Title: Mexican Revolution in 1910. A quarter of

 

 

 

 

Title:
An exploration of land ownership as a catalyst for revolution

To
what extent did the lack of local autonomy during Porfirio’s administration
contribute to the campesino rebellion of Emiliano Zapata?

Subject:
History

Word
Count: 3,040

 

Table
of Contents

Introduction………………………………………………………………………………………2

Porfirio
Diaz and Positivism……………………………………………………………………3-4

Morelos
and the Hacienda………………………………………………………………………5-6

Emiliano
Zapata’s Leadership………………………………………………………………….6-11

Conclusion………………………………………………………………………………………11

Works
Cited……………………………………………………………………………………12

 

Introduction

This
investigation will examine the role of political autonomy in the rebellion of
the campesinos, the name given to peasant farmers, during the Mexican
Revolution (1910-1920).

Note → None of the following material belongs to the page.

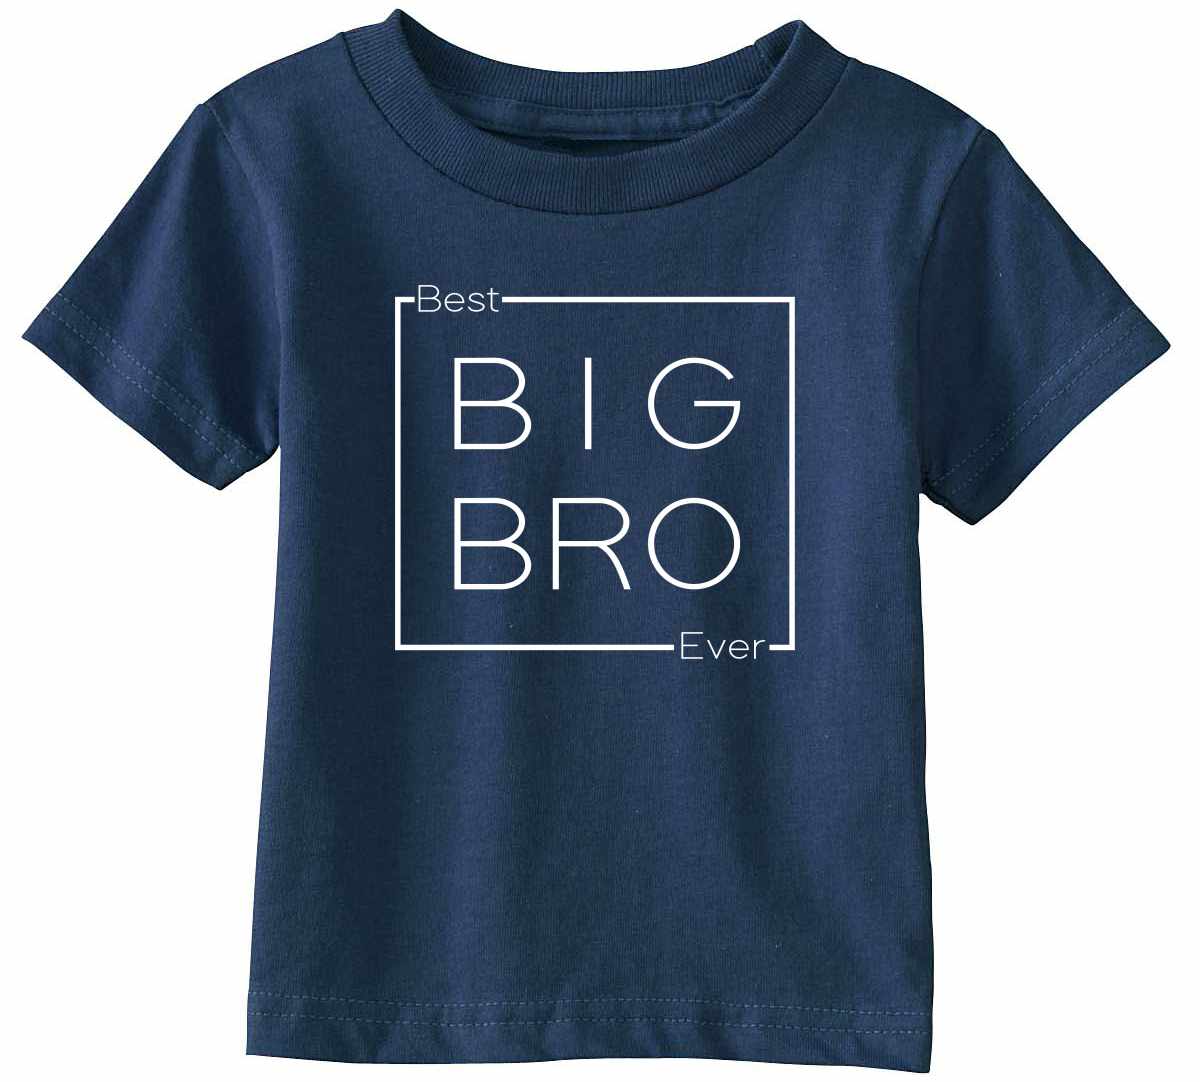 Best Big Bro Ever - Big Brother - Box on Infant-Toddler T-Shirt (#1339-7)

Mexico is a Latin American country that won its
independence from Spain in 1821 under the leadership of a priest named Miguel
Hidalgo. According to historian Adolfo Gilly, when Porfirio Diaz took power in
1876, Mexico would experience a wave of capitalism and positvism under the
dictatorship of Diaz lasting until the overthrow of Diaz and subsequent start
of the Mexican Revolution in 1910. A quarter of Mexico’s territory would be
given to companies, “violently seized from the peasant villages and communities,”
and then turned into haciendas (plantations, primarily sugar) where peons (farm
workers) would work for free, as a “massive operation of plunder” to “liquidate
the communal lands in central Mexico” (Gilly 14-15). In this span of over
thirty years, Mexican peasants on haciendas would erupt into several severe
rebellions in 1910, starting the Mexican Revolution (Warman 2-3). In the heart
of a campesino rebellion would be Emiliano Zapata (1879-1919), described as a
“legend” by Samuel Brunk. Zapata grew
up in a tiny village named Anencuilo in the central Mexican state of Morelos to
mestizo parents, who were a mix of Spanish and Indian blood, and of campesino
or peasant farmer background. Mestizos are considered lower class in Mexican
society while those with full Spanish blood, named creoles, were in a higher
social class. The hacienda played a central part of Zapata’s childhood and his
village as it was the only source of employment (Brunk, Career of Emilano Zapata 10-11). This topic is worthy of investigation
because there were many factors to the campesino rebellions during the Mexican
Revolution. One of the significant ones was the effects of modernization by
Porfirio Diaz and the growth in industry and infrastructure that followed. The
Porfirian modernization was very detrimental to welfare of the campesinos.  Another significant factor is the geography
of Morelos, and the rich growing areas that introduced the hacienda. It is also
important to consider Zapata’s ability to lead a revolution and successfully
meet the needs of the campesinos. Zapata’s army was instrumental in achieving
land reform for campesinos and through his army Zapata was able to empower poor
campesinos. Also, the investigation examines the significance of Zapata’s
revolutionary document that became a symbol of the needs and wants of the
campesino, returning local autonomy after a very long Diaz regime. However,
while those factors were significant, this investigation also examines
potential arguments about Zapata’s inability as a leader and his banditry. With
various causes to consider in the Mexican Revolution, this investigation will
try to determine the extent of which causes were more significant. Although
Emiliano Zapata failed to accomplish lasting land reform and economic independence
for his following in Morelos, his military ability and charisma released
villages from the restraints of the hacienda recovering local autonomy.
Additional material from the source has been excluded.